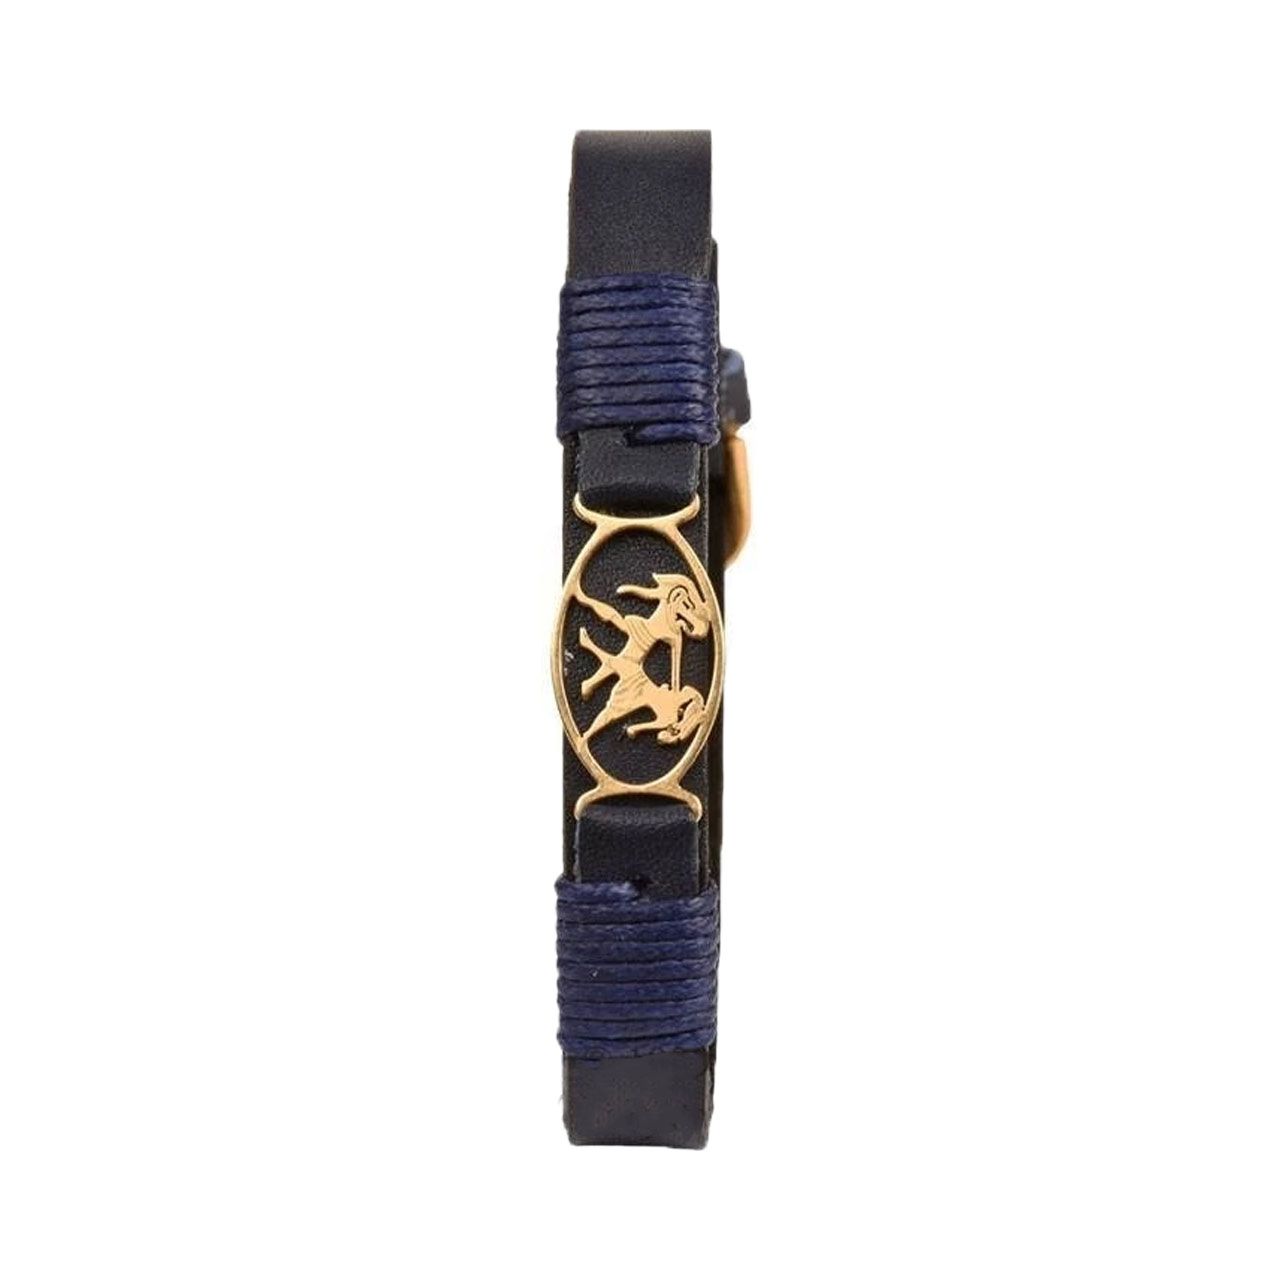 دستبند زنانه پارینه چرم طرح تولد خرداد مدل BR700106 -  - 3
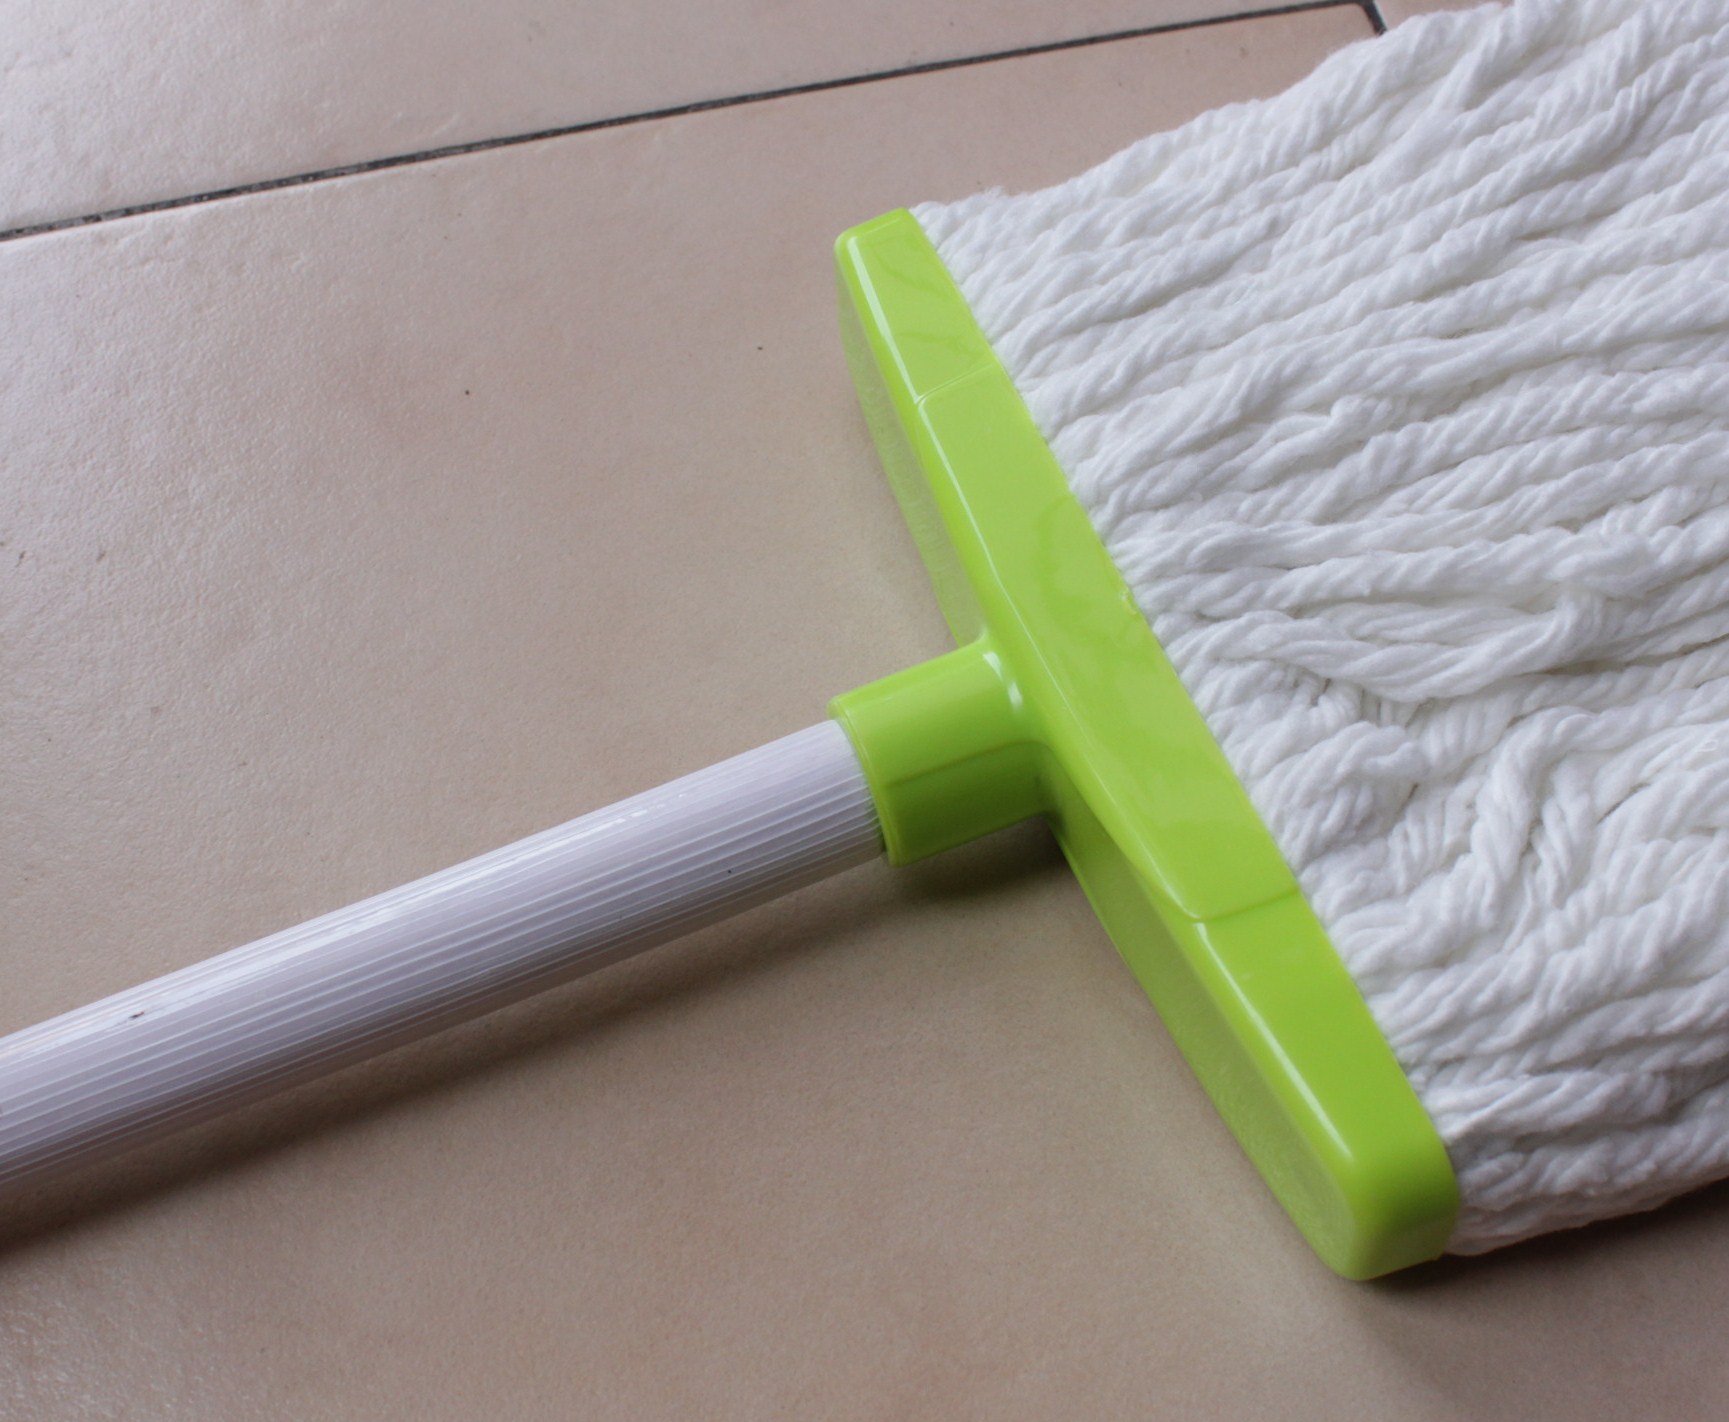  Gambar  Alat alat Kebersihan rumah  tangga
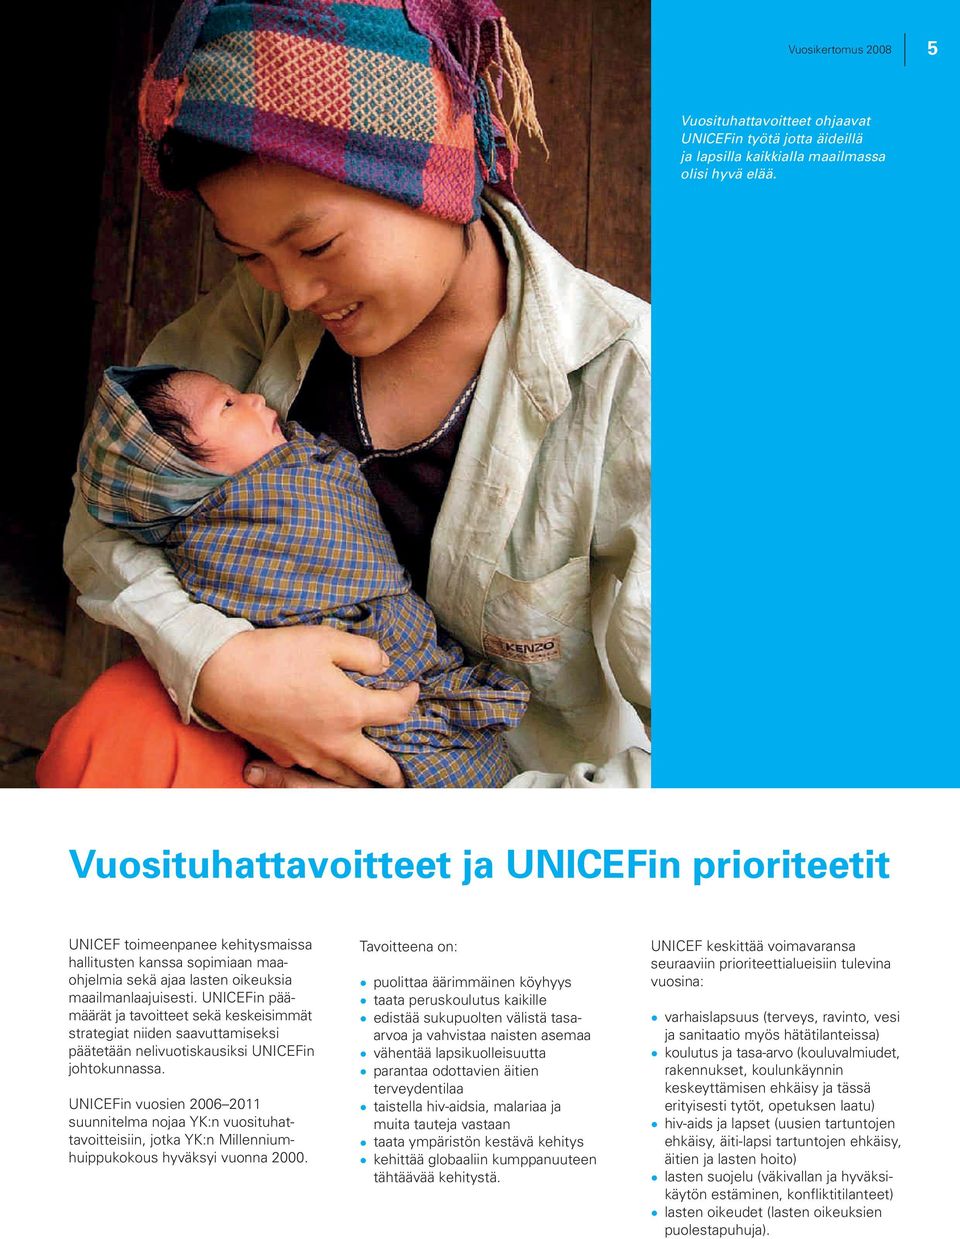 UNICEFin päämäärät ja tavoitteet sekä keskeisimmät strategiat niiden saavuttamiseksi päätetään nelivuotiskausiksi UNICEFin johtokunnassa.

About this task:
What is needed is every line from the one with "Alat alat Kebersihan" to the final line of the listing above, set down exactly and with the pictures left out.

Task response:
  Gambar  Alat alat Kebersihan rumah  tangga
 UNICEFin päämäärät ja tavoitteet sekä keskeisimmät strategiat niiden saavuttamiseksi päätetään nelivuotiskausiksi UNICEFin johtokunnassa.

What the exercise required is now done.